Joining the ICC: Is it good for the Palestinians?
Beirut - When in early April, building on its enhanced status at the United Nations since 2012, the Palestinian Authority (PA) joined the International Criminal Court (ICC), Palestinians at large expected it to immediately file a raft of complaints against Israel. As that did not happen, some Palestinians wondered half-jokingly whether the April 1st, ICC admission was not an April Fool’s joke played on them by their leader Mahmoud Abbas.
Palestinians rightly feel Israel has enjoyed a large degree of impunity in dealing with them and they certainly hope that joining the global last resort court – whose mandate is to investigate war crimes, crimes against humanity and genocide — will act as a deterrent.
If held accountable, Israeli military and political leaders might think twice before resorting to their usual violent tactics for fear of ending up in front of the International Court of Justice.
Though Israel has not ratified the Rome statute, which is the founding treaty establishing the ICC, Israeli individuals could be prosecuted for crimes committed in Palestinian territories. Last summer’s Gaza war is already under review by ICC prosecutor Fatou Bensouda, the PA having asked the court to retroactively extend its jurisdiction starting from June 13, 2014.
The Palestinian street feels Abbas’ decision to join the court was long overdue. And, indeed, the disproportionate use of force by Israel last summer in Gaza certainly qualifies for legal independent scrutiny with the killing of more than 2,200 Palestinians, a majority of them civilians; the wounding of 11,000, many with life-changing injuries; and the destruction of entire residential neighbourhoods.
It is now up to Bensouda to decide, following the current review, whether a full-scale investigation should be launched.
But the situation in Gaza is not the only issue that should be addressed. On top of the list there is the unrelenting building of Jewish settlements in the West Bank and East Jerusalem and the transfer by Israel of 550,000 of its citizens to territories occupied in 1967, which could qualify as a war crime.
So could be the so-called “price tag” policy by Jewish settlers in the occupied West Bank against Palestinian civilians resulting in the destruction of property, uprooting of trees, arson and physical attacks.

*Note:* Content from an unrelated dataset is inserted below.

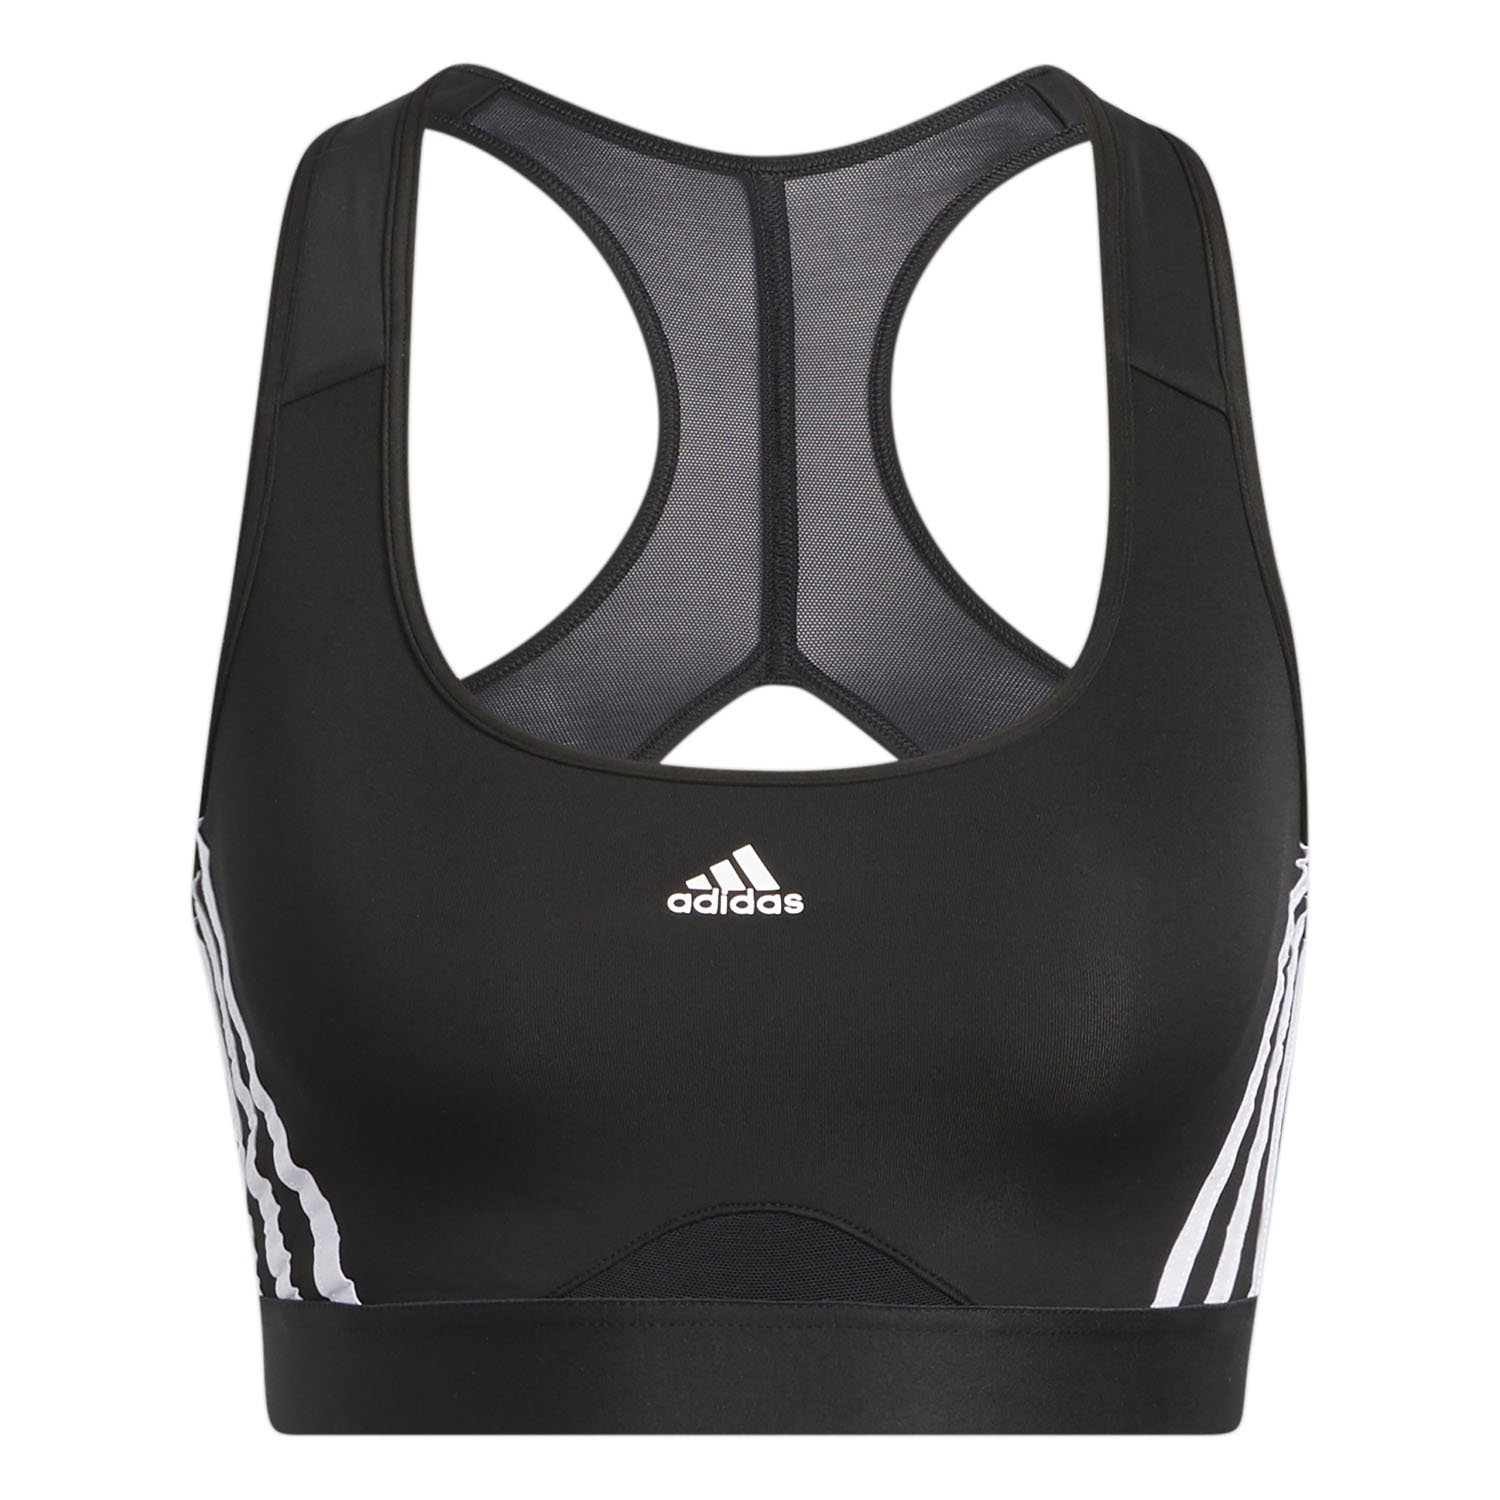 Adidas Powerreact Training 3-Stripes Kadın Fitness Bra - Siyah - 1

No wonder many Palestinians ask what Abbas is waiting for before he takes action.
For the time being the Ramallah leadership is treading cautiously. Clearly it has managed to finally score a victory of sorts against Israel. After being unable to muster enough votes last December to submit a UN resolution setting a target date for the end of the Israeli occupation and the establishment of a Palestinian state, Abbas is hoping that the mere ICC admission will help placate public opinion.
But that might not be enough and, in any case, Abbas’ room to manoeuvre is not as narrow as one would think. True, joining the ICC may be a double-edged sword but Palestinians are ready to face the prospect of Hamas militants being accused of war crimes for indiscriminately shelling Israeli territory from Gaza. And Abbas had every single Palestinian political group agree in writing to joining the ICC whatever the consequences or backlash might be.
Palestinians say they are not impressed either by the US Congress eventually deciding to cut US aid to the PA — some $400 million a year – or by Israel withholding, as it did, tax revenues it collects — for a 3% fee — on behalf of the PA on goods transiting Israeli ports.
They point that withholding Palestinian monies is also a double-edged sword for Israel fears the collapse of the PA should it not be able to pay its civil servants and security forces. That is why the Israeli military, which does not favour directly ruling the occupied territories, advised Israeli Prime Minister Binyamin Netanyahu to unfreeze the Palestinian custom revenues, which he did — partially.
While the Palestinian street is eager to seek accountability for Israel’s brutal policies, and would also like the PA to halt effectively security cooperation with the Jewish state, the Ramallah leadership is seemingly reluctant to submit real cases before the ICC and waste energy in legal procedures and battles that could alienate the United States.
Instead, Abbas is focusing – with the help of the French — on going back to the UN Security Council to obtain a resolution setting a date for the end of Israeli occupation and the establishment of a Palestinian state along the June 4, 1967, lines.
In any case, bilateral peace talks with Israel do appear pointless considering Netanyahu’s recent public vow not to allow a Palestinian state on his watch and putting international pressure on Israel is the only peaceful option left for the PA.
In this sense, joining the ICC was certainly a good move for it provides the PA with some much-needed leverage. It might also increase international support for the Palestinians because, as one official said privately: “This could show the world that we are not terrorists and that we resort to legal and peaceful actions to seek justice and end Israeli occupation. This could also boost the boycott, divestment and sanctions campaign against Israel.”
It may be so. But at some point Abbas, who already compares very unfavourably in Palestinian public opinion with the late Palestinian leader Yasser Arafat, will have to make bold moves if he does not want to become totally irrelevant among his own people.